Reports from Maj. James Lawrie, superintendent of British settlers on the Mosquito Shore, assured Dalling that he could raise thousands of volunteers, including Blacks and Indians, in addition to furnishing plenty of small boats for an expedition up the San Juan River. Encouraged by Lawrie’s reports, Dalling arrogantly wrote to London claiming that if he was given a force of “no great extent,” he would be answerable to give the entire Dominion of Spain in the Americas to the home government. Dalling truly believed that with a force of fifteen hundred troops supplemented by Indian and volunteer forces, he could conquer Central America. The plan was simple: a force would ascend the San Juan River and capture El Castillo de la Inmaculada Concepción, a fort located near the mouth of Lake Nicaragua. After that, one or more vessels patrolling Lake Nicaragua coupled with the capture of the city of Granada on the north end of the lake would grant Britain control of the entire region. Garrisoned outposts could receive supplies from the San Juan, Bluefields, and Matina rivers. From Lake Nicaragua, an invasion force would secure the towns of Leon and Relaejo on the western coast of the isthmus before the establishment of a naval squadron would grant Britain access to the Pacific Ocean. With New Spain cut in two, the British would utilize the western squadron to plunder New Spain’s west coast possessions. Simultaneously, British agents would destabilize Spanish colonies by fomenting rebellion among the local populace before invading with ground troops. The result would provide Britain access to the resources of Central and South America which would then be open to exploitation and British trade.
Back in Whitehall, Germain was initially apprehensive of supporting Dalling’s plan, but after some deliberation he changed his mind and in January 1780 he informed Dalling that he not only supported the venture but was also sending 3,000 additional soldiers to defend Jamaica and partake in the expedition. Eager to get on with the campaign, Dalling did not wait for Germain’s reinforcements.
As early as 1779, Dalling sent a small expeditionary force to “capture control of the San Juan River.” On November 19, Major Lawrie wrote to Dalling from Black River on the Mosquito Shore requesting arms and ammunition for not only the defense of the shore but also to use as presents for local Indian tribes who conducted open negotiations with the Spanish. Presents would help prevent and deter Native friendship with the Spaniards and entice the locals to join British efforts. Lawrie also informed Dalling of his attempts at recruiting volunteers consisting of Mosquito men, Indians, and “Trusty Negroes.”
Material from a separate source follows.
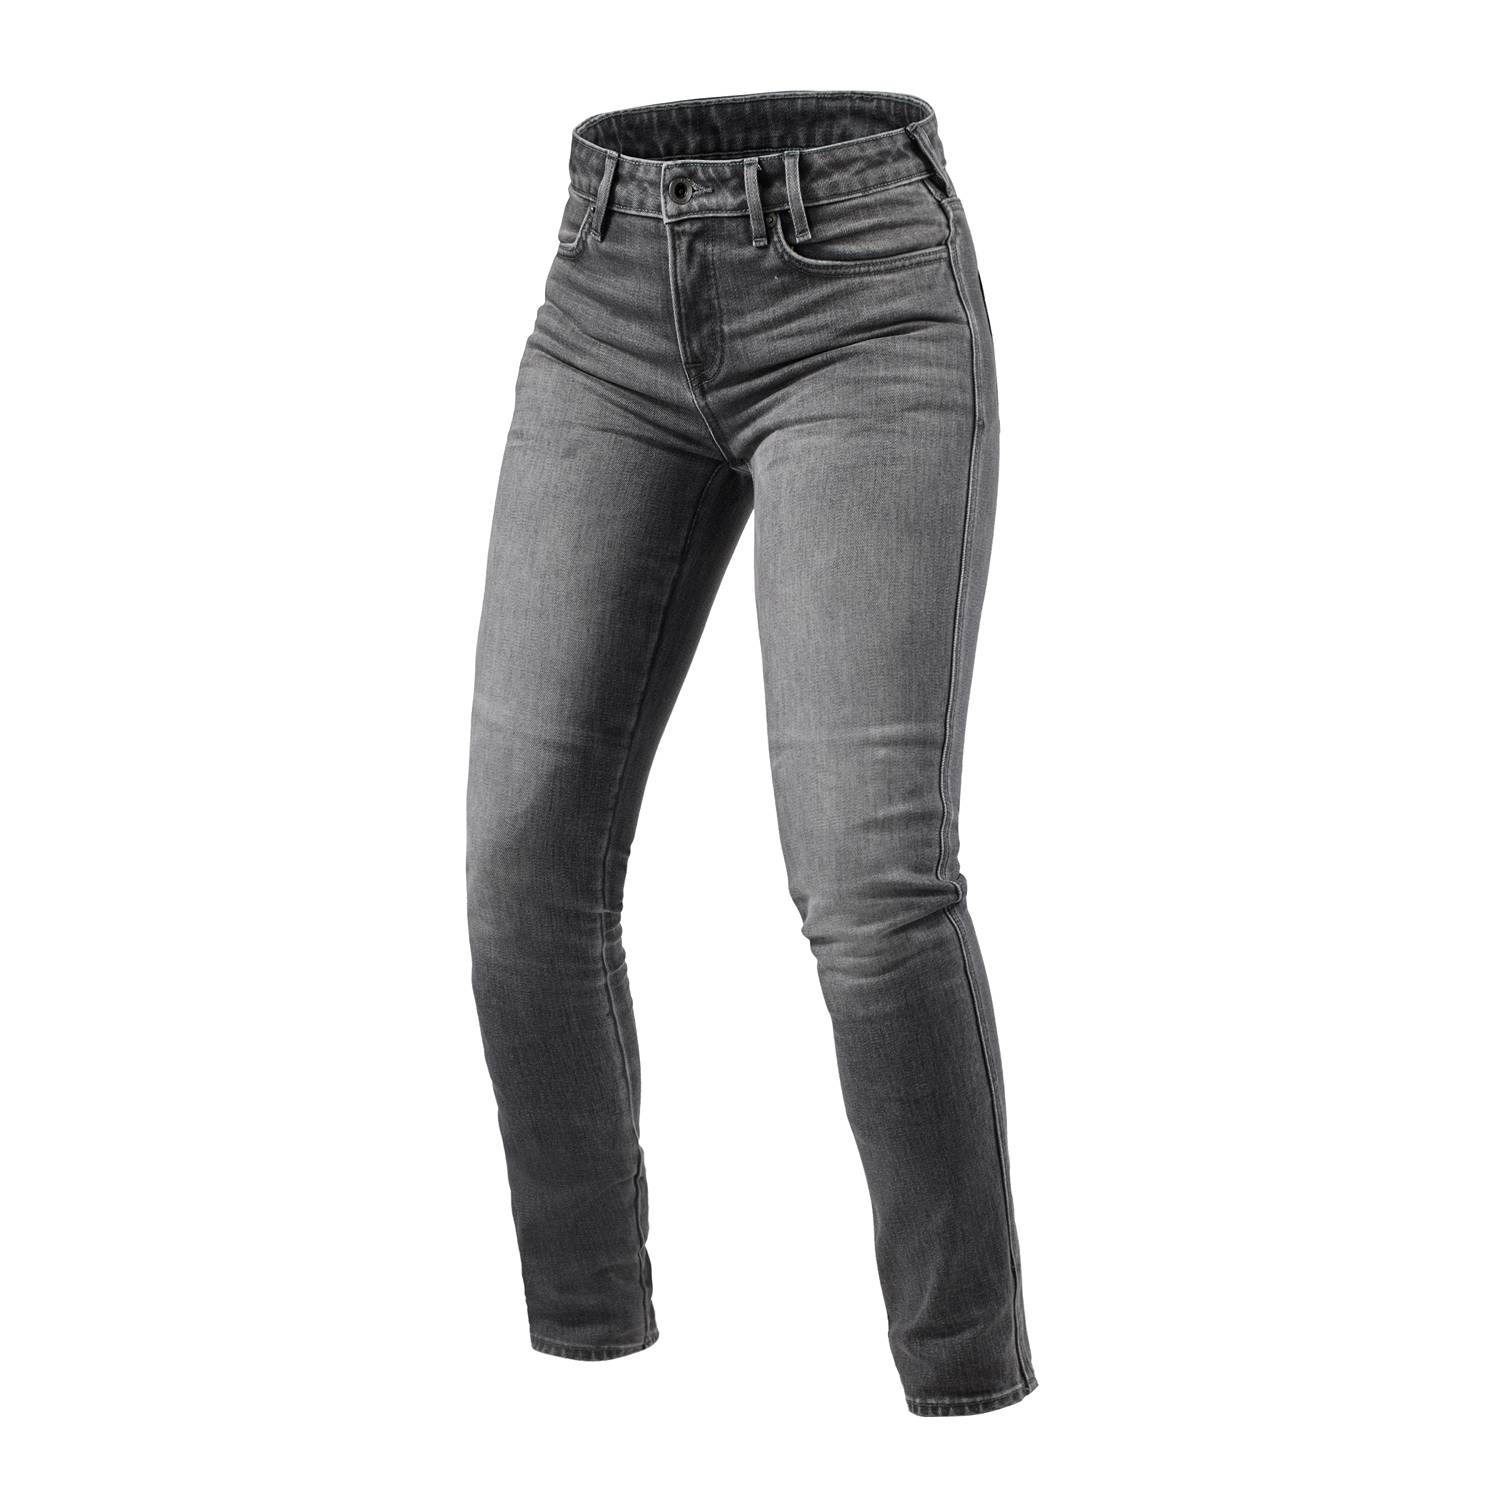 Image of REV'IT! Jeans Shelby 2 Ladies SK Medium Grey Stone L30 Taille L30/W32

Dalling, in preparation for an expedition up the San Juan River, placed Capt. John Polson of the 60th (Royal American) Regiment in command. Polson was instructed to bring with him ship-carpenters with materials needed to assemble a vessel on Lake Nicaragua for the purposes of “securing command of the Lake.” The vessel went with the expedition, in pieces, to be assembled on site. Horatio Nelson was placed in charge of the naval force that escorted the expedition’s troop transports. Nelson’s orders were to safely deliver the expedition ships to the Mosquito Shore and the mouth of the San Juan River, then to protect the expedition’s back and maintain secure supply lines. To recruit more men, Dalling, in 1779, published a proclamation by the English king calling on Jamaica volunteers. Anyone who signed up would “easily Acquire Riches and Honor, and be of Essential Service to their Country.” They would be outfitted, formed into companies, paid the same wages as soldiers, receive rations, and divide plunder equally.
The expedition set out to sea at six in the morning on February 3, 1780. Several transports, approximately six vessels, set out from Jamaica carrying 300 to 400 regulars from the 60th and 79th regiments, the Loyal Irish Corps, sixty sailors, roughly two hundred Jamaican volunteers, sixty to seventy Irish, and a mix of foreigners, Blacks, and Indians. Provided with six months worth of provisions, the force first landed on the British-held island of Providence off the coast of Nicaragua before sailing on for Cape Gracias a Dios on the Honduran coast. The expedition planned on meeting up with Lawrie at the cape, who promised to provide the campaign with significant local support, pick up his force of volunteers, and sail south along the coast of the Yucatan Peninsula before making for the mouth of the San Juan River and proceeding inland.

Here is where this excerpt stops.